I created my 10 million row table like this:

with g(v) as (select generate_series(1, 10*1000*1000))
insert into s.t(k, v) select g.v, (g.v)*2 from g;

And I timed each mode a few times to get a reasonable average. The naive mode took ~7.5 sec; and the refcursor mode took ~13 sec. I don't s'pose that the difference matters much (and anyway, in your use case, all those "create table" and "insert select" statements would dominate the times). But it seems safe to say that the refcursor mode doesn't _help_ performance. Moreover, because the naive mode uses the cursor mechanism under the covers, the memory consumption discussion is the same for both approaches.

I appreciate that, in the face of concurrent sessions making changes to the content of "s.t", and using the default "read committed" isolation level, the before-the-fact separate count(*) might disagree with the after-the-fact value from counting the rows that are traversed. And you need the count at the start of the loop so that you can create the right number of (sub)partitions. So I do see (because other considerations, including code complexity, are so similar) that the refcursor mode is more stylish. Maybe that's it.

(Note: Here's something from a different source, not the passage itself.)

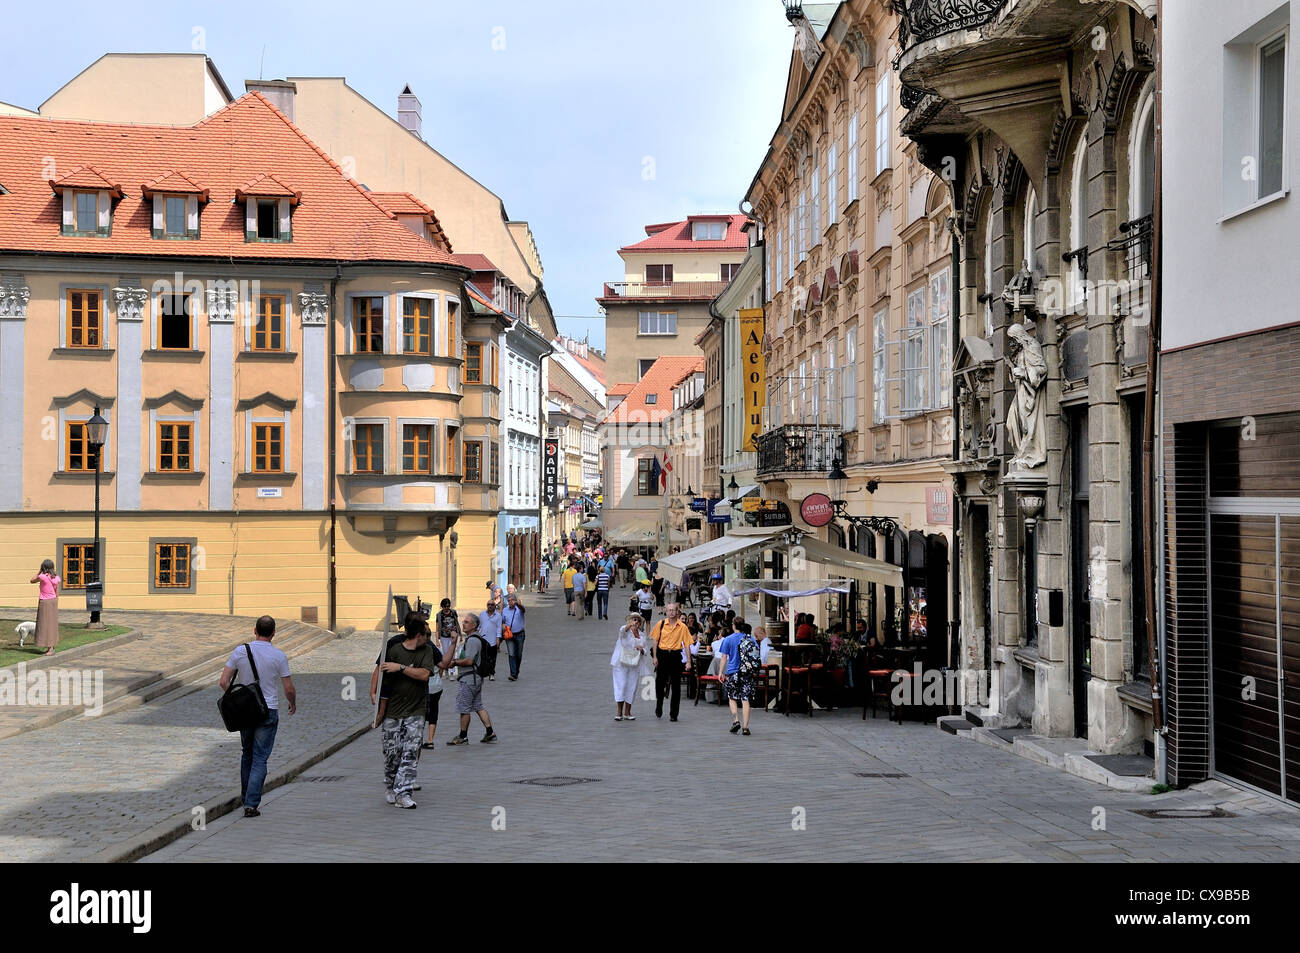 Panska street in the old town area of Bratislava Slovakia Stock Photo

Certainly, it was very useful to think about this and to try the tests that I did. So thank you very much for showing me your code.
————————————————————

Finally, I see how an understanding of internals helps the understanding of performance-related question. But I find it very hard to accept that I should read the C implementation of PostgreSQL in order to get the proper mental model, and the proper terms of art, that I need to understand it semantics (and the corresponding SQL and PL/pgSQL syntax). Having said that, I did a little test an saw that this:

move last in cur;
get diagnostics n = row_count;

reported just 1—in contrast to what you used:

move forward all in cur;

I've no idea how it's possible to navigate to the last result in the set without knowing how many there are. Maybe that fact is there internally—but with no explicit SQL or PL/pgSQL exposure of the value.